The researcher is a highly competent one. The researcher earned scholarly degrees
here and abroad from reputable educational institutions. The researcher finished third in
her class and 4th in the bar examinations. Her error was merely due to the fact that the
software she used, Microsoft Word, lacked features to apprise her that certain important
portions of her drafts are being deleted inadvertently. Such error on her part cannot be
said to be constitutive of gross negligence nor can it be said that Justice del Castillo
was grossly negligent when he assigned the case to her. Further, assigning cases to
researchers has been a long standing practice to assist justices in drafting decisions. It
must be emphasized though that prior to assignment, the justice has already spelled out
his position to the researcher and in every sense, the justice is in control in the writing of
the draft.

With the advent of computers, however, as Justice Del Castillos researcher also
explained, most legal references, including the collection of decisions of the Court, are
found in electronic diskettes or in internet websites that offer virtual libraries of books
and articles. Here, as the researcher found items that were relevant to her assignment,
she downloaded or copied them into her main manuscript, a smorgasbord plate of
materials that she thought she might need.

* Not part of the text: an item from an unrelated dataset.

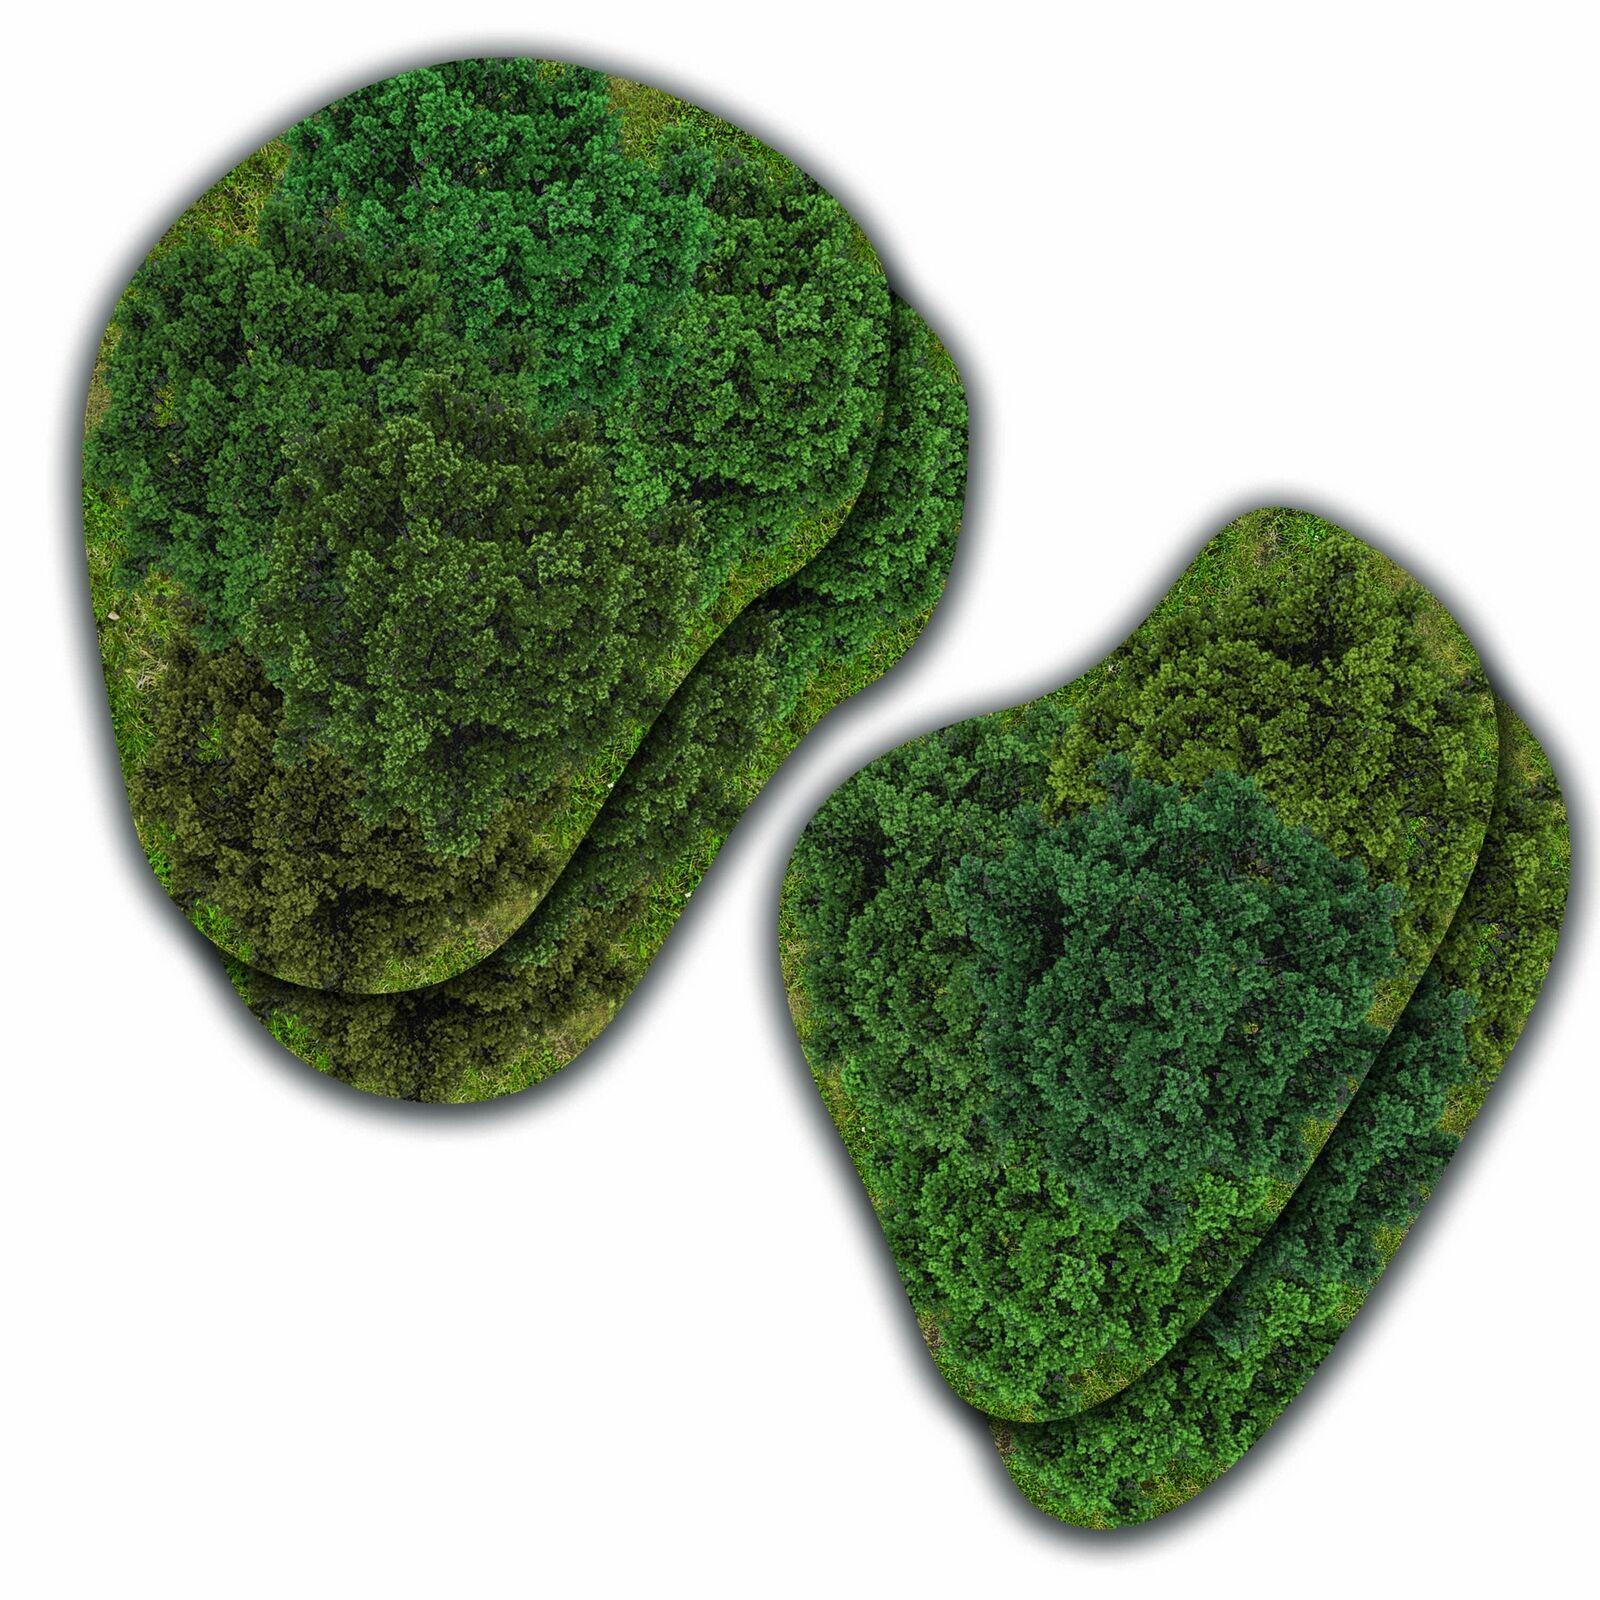 ältere stil  hiddenforest wälder 2d - terrain (mouse pad material)
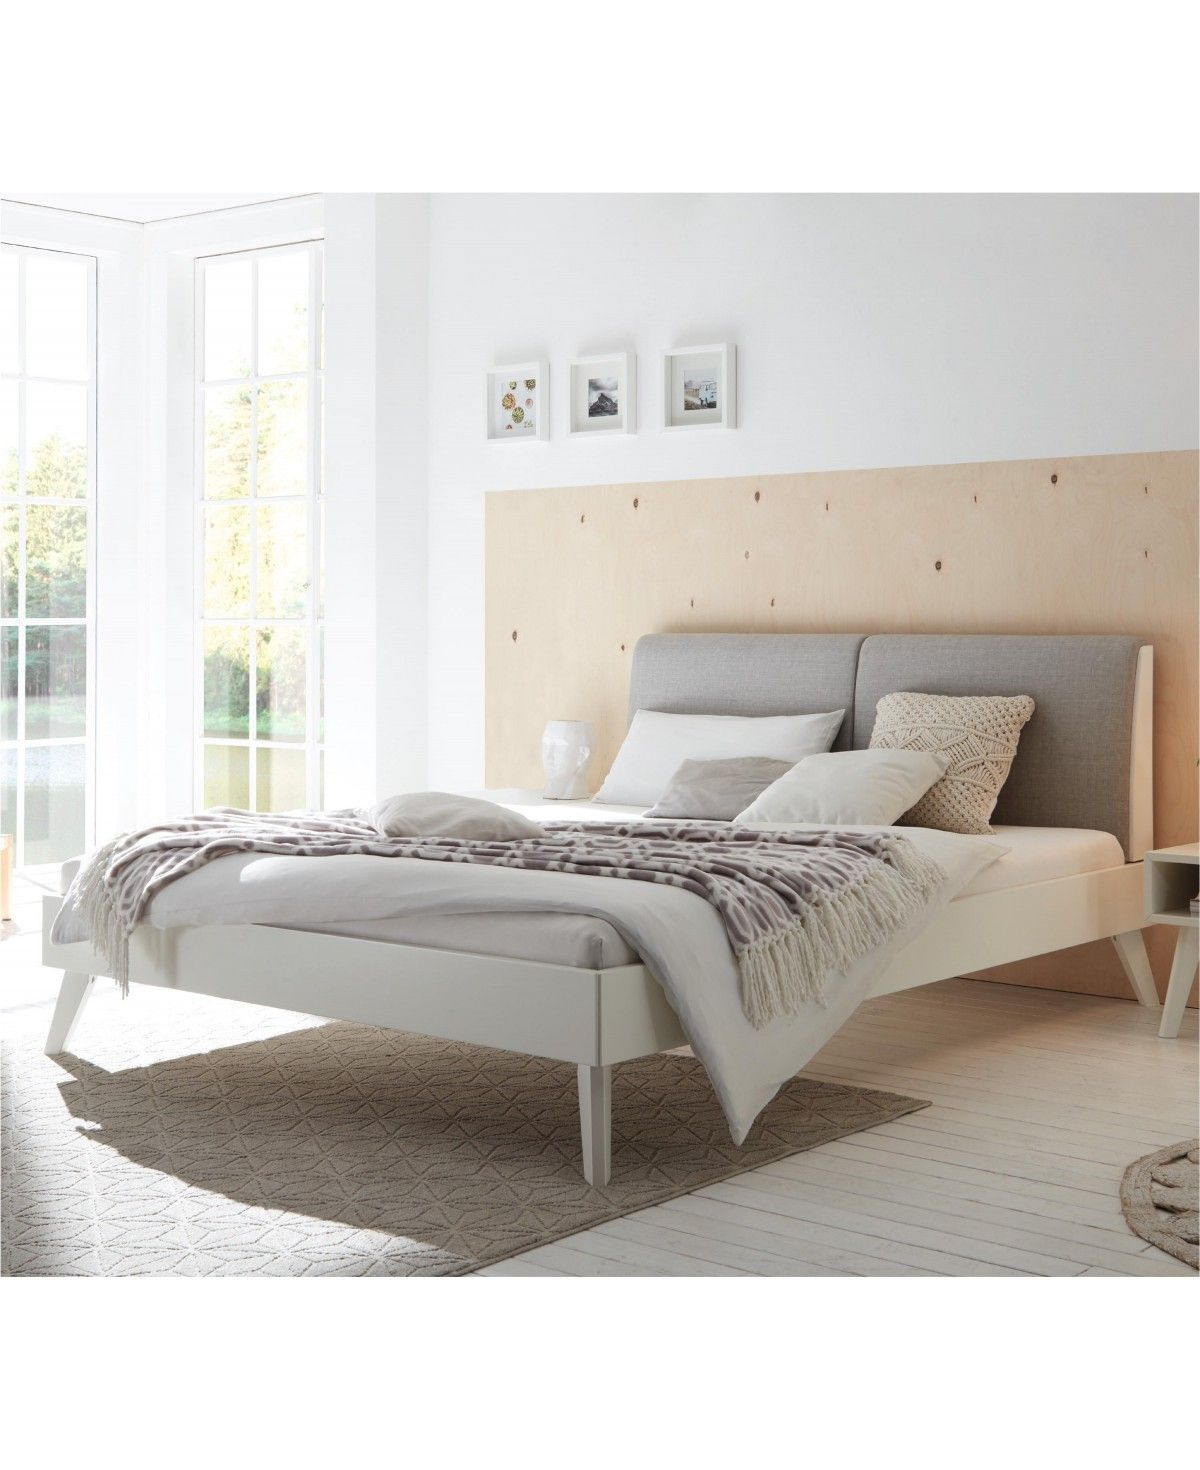 hasena bett simone 20 buche wei deckend polsterkopfteil. Black Bedroom Furniture Sets. Home Design Ideas

She electronically cut relevant materials from books and journals in the Westlaw
website and pasted these to a main manuscript in her computer that contained the
issues for discussion in her proposed report to the Justice. She used the Microsoft Word
program. Later, after she decided on the general shape that her report would take, she
began pruning from that manuscript those materials that did not fit, changing the
positions in the general scheme of those that remained, and adding and deleting
paragraphs, sentences, and words as her continuing discussions with Justice Del
Castillo, her chief editor, demanded. Parenthetically, this is the standard scheme that
computer-literate court researchers use everyday in their work.

Hipos
vs
Bay
Facts:  
Two Informations for the crime of rape and one Information for the crime of
acts of lasciviousness were filed against petitioners Darryl Hipos et al., before
Branch 86 of the Regional Trial Court of Quezon City. Petitioners filed their
Joint Memorandum to Dismiss the Case[s] before the City Prosecutor. They
claimed that there was no probable cause to hold them liable for the crimes
charged. The Office of the City Prosecutor issued a Resolution on the
reinvestigation affirming the Informations.

2nd Assistant City Prosecutor Lamberto C. de Vera, treating the Joint


Memorandum to Dismiss the Case as an appeal of the 10 August 2004
Resolution, reversed the Resolution dated 10 August 2004, holding that there
was lack of probable cause. On the same date, the City Prosecutor filed a
Motion to Withdraw Informations before Judge Bay. Judge Bay denied the
Motion to Withdraw Informations in an Order of even date.

Issue:
Can the Supreme Court compel respondent judge bay to dismiss the case
through a writ of mandamus.

Held:
The rule is settled that once a criminal complaint or information is filed in
court, any disposition thereof, such as its dismissal or the conviction or
acquittal of the accused, rests in the sound discretion of the court. While the
prosecutor retains the discretion and control of the prosecution of the case, he
cannot impose his opinion on the court. The court is the best and sole judge
on what to do with the case. Accordingly, a motion to dismiss the case filed by
the prosecutor before or after the arraignment, or after a reinvestigation, or
upon instructions of the Secretary of Justice who reviewed the records upon
reinvestigation, should be addressed to the discretion of the court. The action
of the court must not, however, impair the substantial rights of the accused or
the right of the People to due process of law.